McCluskie dove most deeply on housing costs, saying her caucus also will push measures to incentive modular home construction, ease red tape for religious institutions to build on their own land and try “creative new approaches” to lower property insurance costs. Pugliese broached the subject too but took a different approach, saying that legislators have made housing more expensive by adding regulations around building and must rethink that strategy to bring down home prices.
Environmental goals for session unclear
Both McCluskie and Coleman referenced protecting Colorado’s environment and cleaning the air, but neither hinted at what further measures they may seek to add onto six straight years of increasing protections by the Legislature. McCluskie, however, did say that she believes Colorado will continue to face threats to its water resources — it’s in negotiations with six other states about potential cutbacks to Colorado River usage — and “may have to play defense” a bit more.

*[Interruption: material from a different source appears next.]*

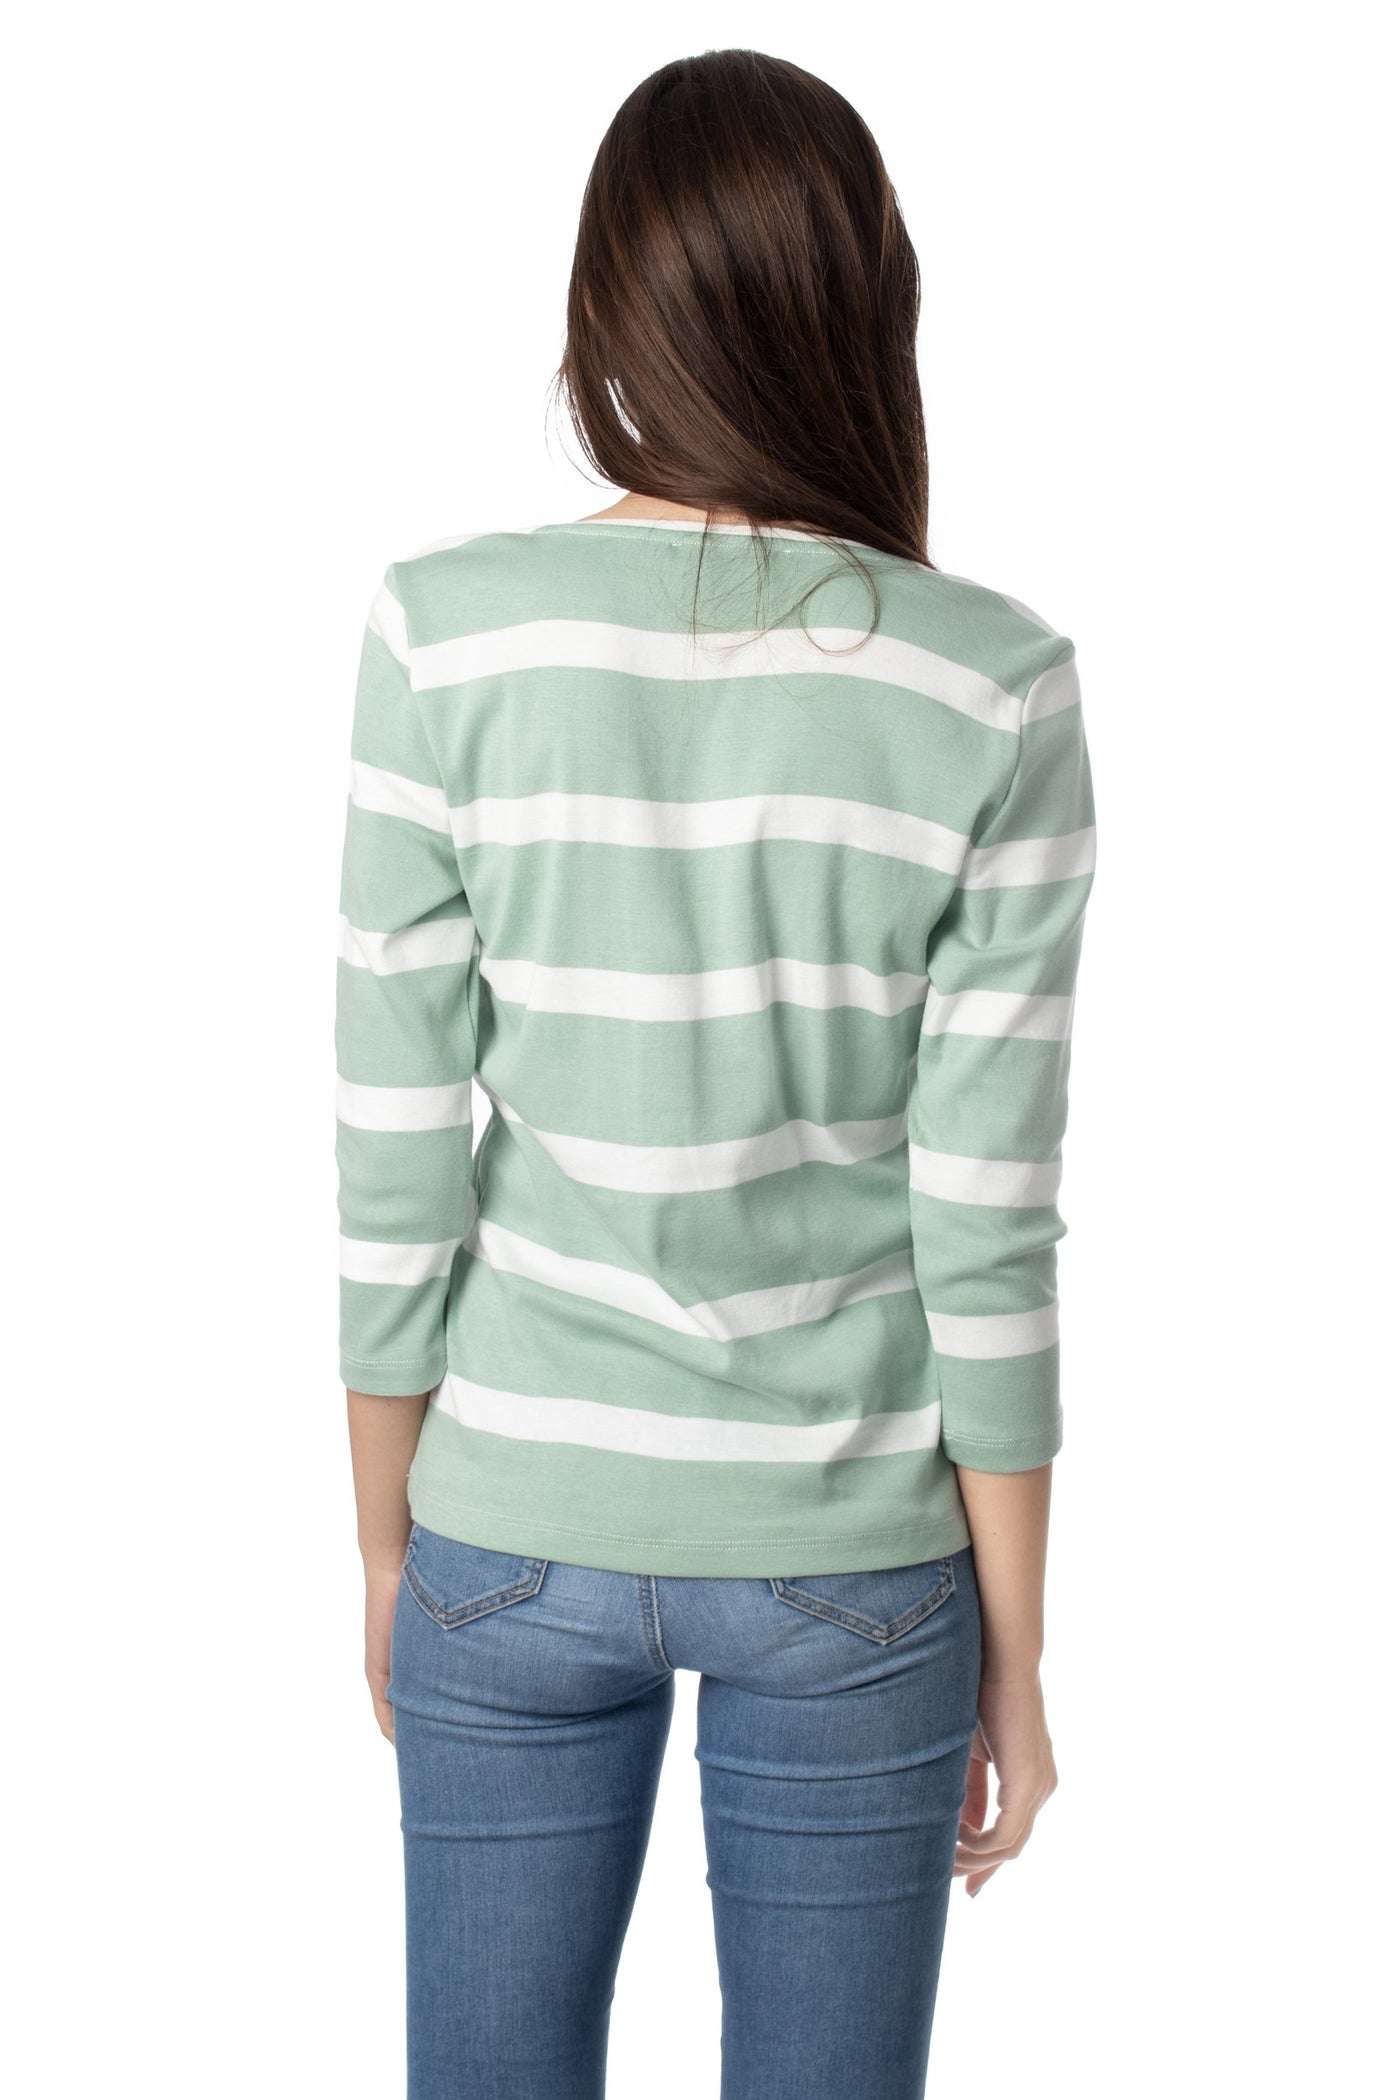 chassca  boat neck with button striped  t-shirt - Breakmood

And for a change, all four caucus leaders’ speeches were largely silent on how to reduce health-care costs, which has been one of the defining issues of Gov. Jared Polis’ tenure. Hospitals and pharmaceutical manufacturers are preparing to battle over restrictions that many drug makers have placed on discounts available through the federal 340B drug-pricing program, but caucus leaders appear to be slow in wanting to wade into that battle.
The session continues tomorrow with Polis slated to make his seventh State of the State Address of his time in office. The Democratic governor tends more than legislative leaders to lean into specific policy proposals in his session-opening speech, and many Capitol observers are eager to see what he will identify as his priorities this year.